Friday, November 22, 2013

Kings of the Wergs (ED504) #hashtag

For our Webinar Tool, we decided to go with Pen.io. However, one of the other contestants was Storybird. Storybird is a publishing site that provides students with a set of images and then asked them to create a story about them. It allows for students to quickly create aesthetically pleasing stories. If you make it easier for kids to excel, I think you are more likely to get students to buy-in. The stock set of images was very pretty and I think having that in the background would encourage students to create something that they could really be proud of.

One of the books I liked most was 26 Homegrown Words. I really hate it when I am reading an article and the writer makes up a new word (the type that they put in quotation marks). The English language is full of words; why do we need more? Then I read an alphabet book and realized that sometimes I feel jwift (You'll have to read the book to find out what the word means). So, perhaps it's ok to make up new words. It got me thinking about how cool it would be if one of my students created a new word. Think about it: if you were middle-schooler and you took some feeling, object, action or thought and picked a combination of letters to describe it. Then, later, you found that someone you had never met was using the word that you had created. . .  well . . . wow. . . wouldn't that be empowering?

In my mind, creative writing is disrespected. Consider Jules Verne. Some people consider Verne to possess a prophet-like status because of the way his novels describe technology that wasn't invented until decades later. Verne didn't have visions of the future, he created it. Generations of engineers and scientists grew up reading his books and then went forward and built the world that he had inspired. It takes creativity to find solutions to the world's problems. We need more people who are able to see a world, a better world, that does not yet exist. Math can solve a lot of the world's problems, but mathematicians need something to inspire us. That inspiration is likely to come from language and, in particular, from creative writing.

Related reading: Neil Gaiman and reading fiction.

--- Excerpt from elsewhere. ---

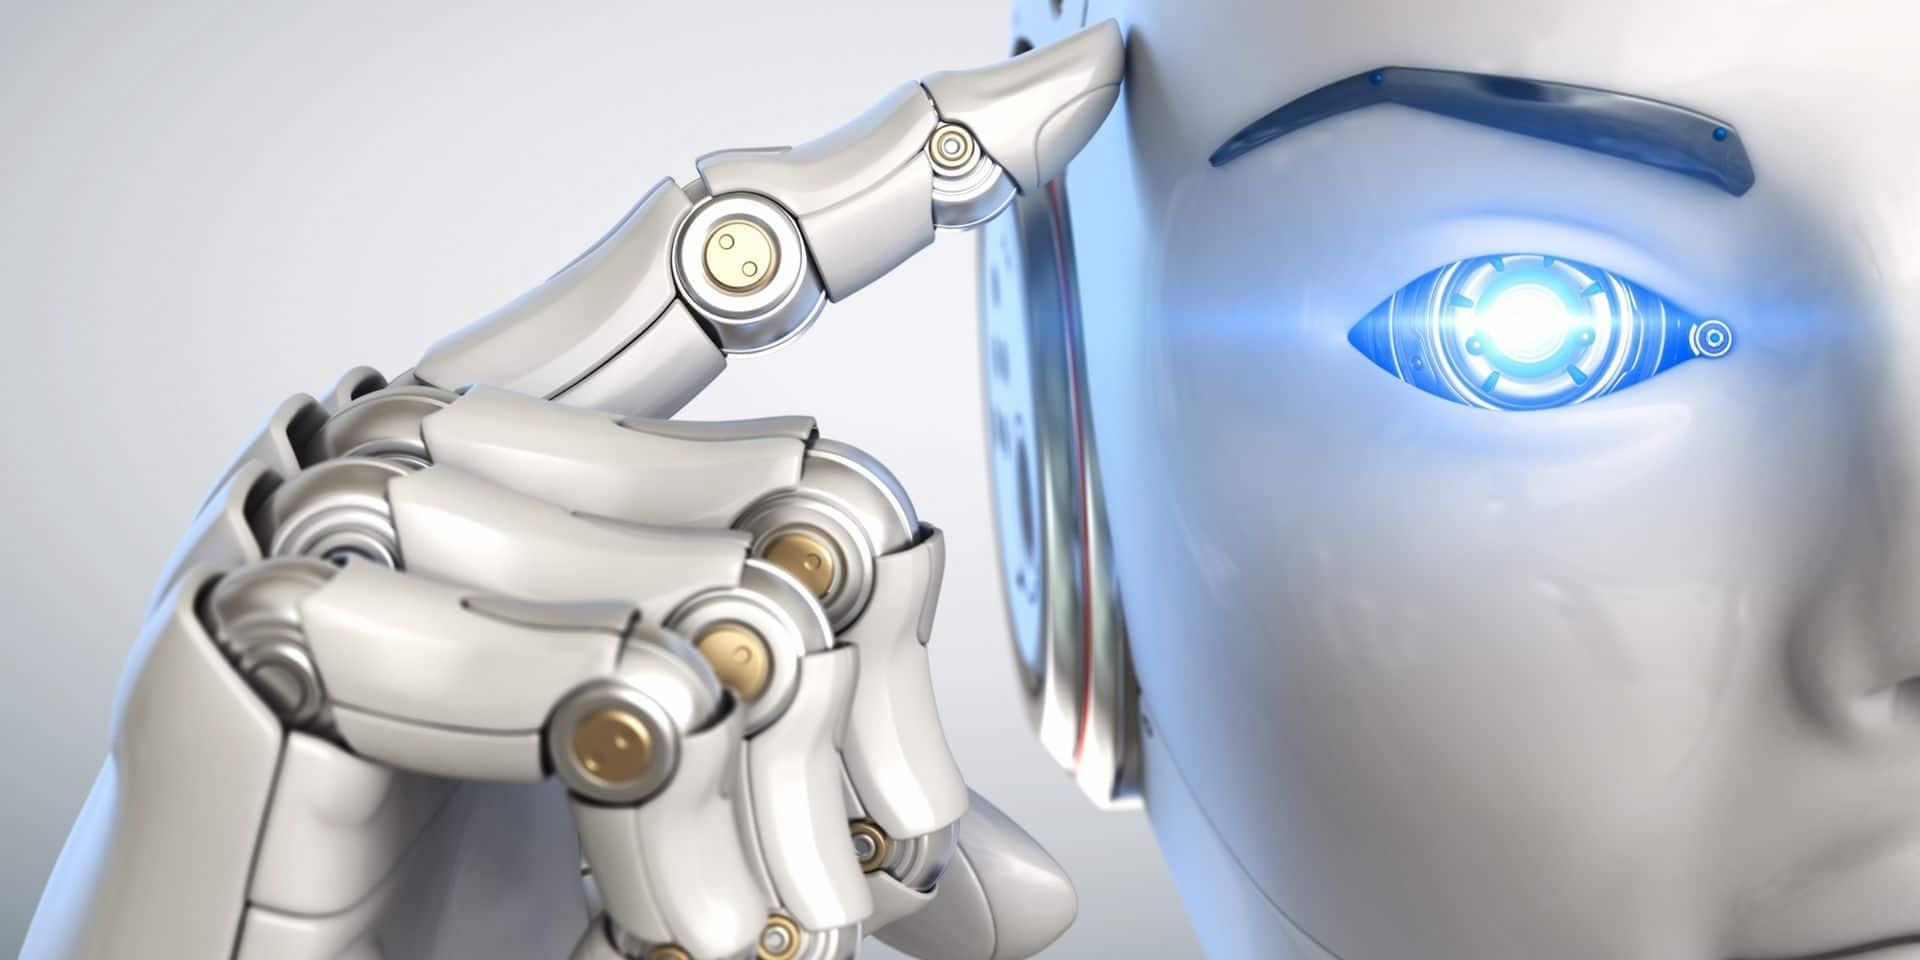 Intelligence artificielle : Nous voulons une réglementation intelligente, pas un deuxième RGPD qui coûterait cher aux PME

Completely unrelated aside: You can't write poems about 'poetry' in iambic pentameter. Poetry is dactyl; that means it has one stressed syllable followed by two unstressed syllables. The consecutive unstressed syllables will never fit into an iambic line. At least that is what I think, given my limited knowledge of the English language. My goal for the next week is to use the phrase "They go together like dactyl words and iambic pentameter" and see the confused look on people's face.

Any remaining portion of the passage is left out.